“It is very beautiful,” said Jack; “but I don’t think I approve of false mediaevalism. At that date these fellows would have fought, and the best man would have had the girl.”

“Pray, at what date do you fix the dragon?” said Cherry.

“Jack is as matter-of-fact as the maiden herself,” said Mrs Stanforth, “who will not be happy because her uncle will not tell her if the knight got well and married somebody else.”

“No—no, mamma,” said one of the Stanforth girls, “he did no such thing; he was killed in King Arthur’s last battle. We settled it yesterday—we thought it was nicer.”

“You don’t think he gave in to the next dragon?” said Cherry, half to tease her.

“No, indeed, that knight never gave in.

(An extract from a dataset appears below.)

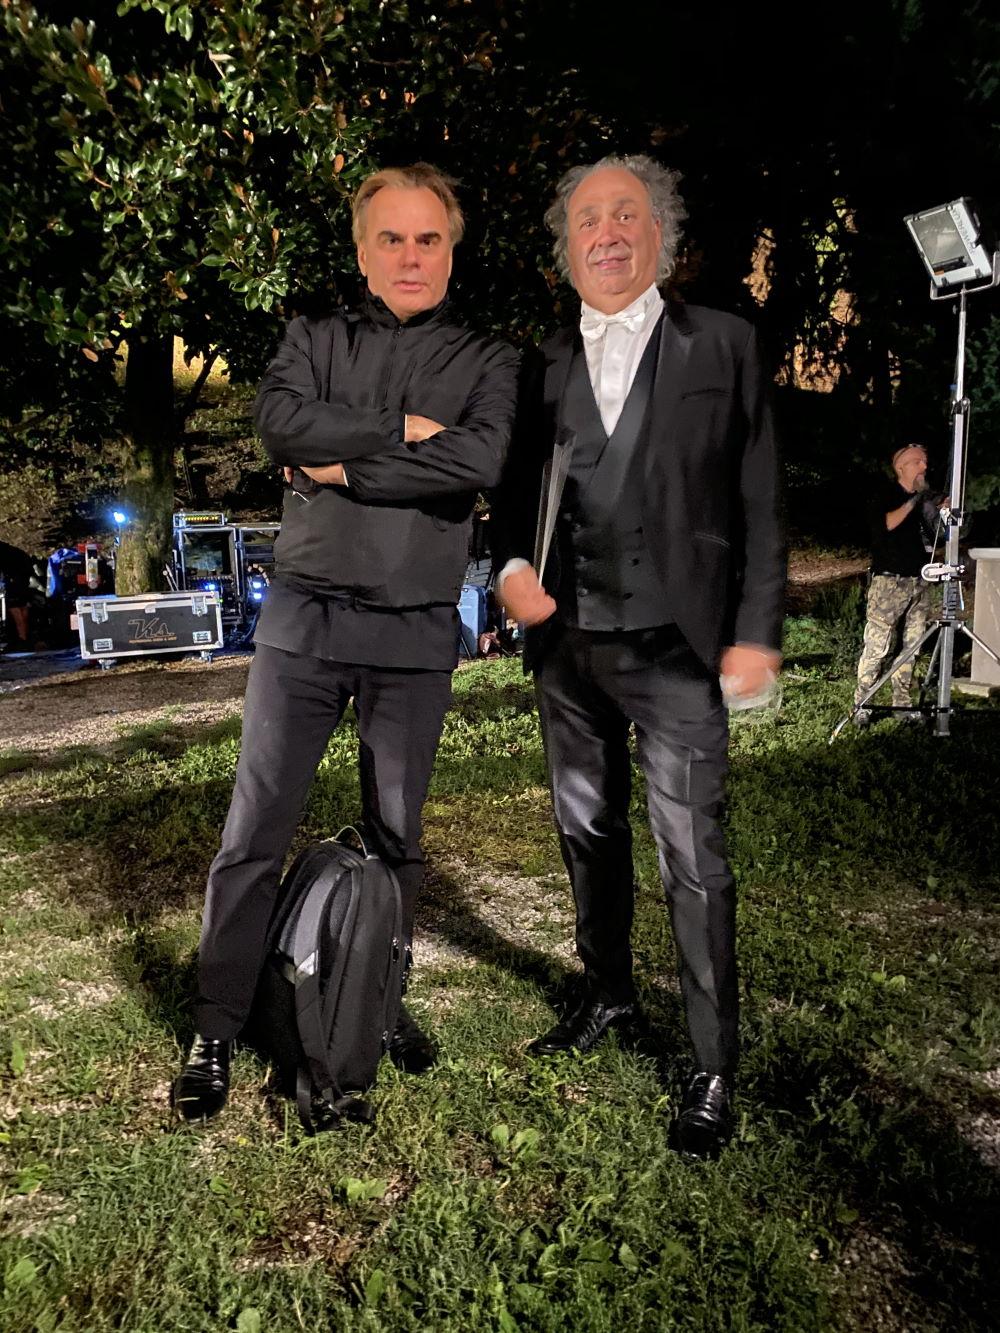 Il flautista Andrea Griminelli e il maestro d'orchestra Diego Basso

Did he, papa—did he?”

“My dear Minnie, I am not prepared with my knights’ history. There they are, and I leave them to an intelligent public, who can settle whether my object was to paint sunlight on primroses, or a smile on a wounded knight’s face—very hard matters both.”

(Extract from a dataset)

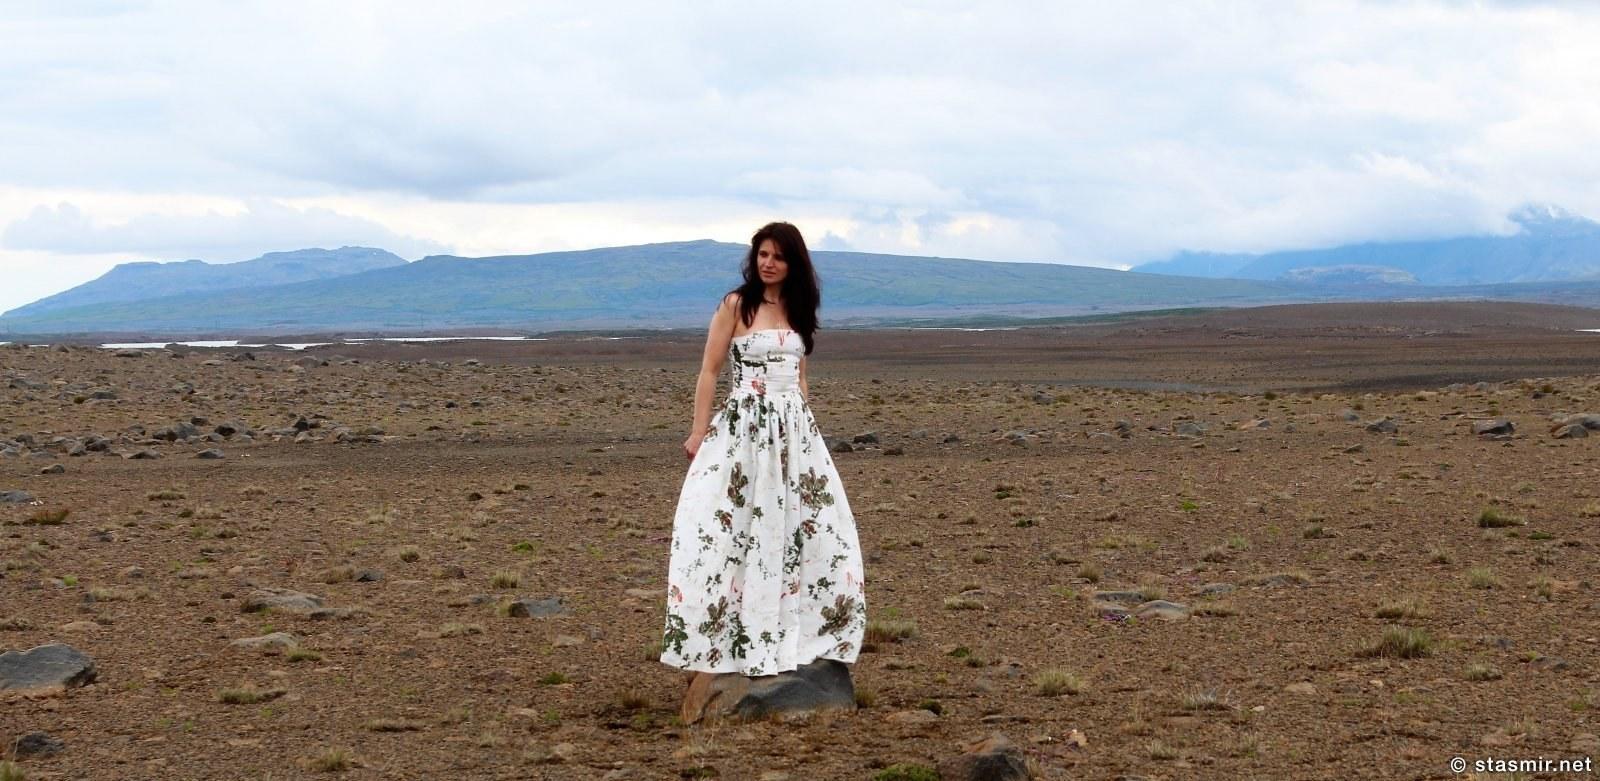 Среди исландского высокогорья, фото Стасмир, photo Stasmir

“Don’t you really like it?” said Gipsy aside to Jack.

“Oh, yes,” said Jack uneasily, “I have seen him look so. I know what your father means. But I hate it. I’d rather have had a picture of him as he used to be, all sunburnt and jolly. Yes, I know, it’s the picture, not Cherry; but I don’t like it.”

Gipsy demurred a little, and they fell into a long talk in the twilight garden. Jack kept his promise, he did not “make love” to her, but never, even to Cheriton, had he talked as he talked then, for if he might not talk of the future, he could at least make Gipsy a sharer in all his past. When Cheriton came out upon them to call Jack away, they looked at him with half-dazzled eyes, as if he were calling them back from fairy-land.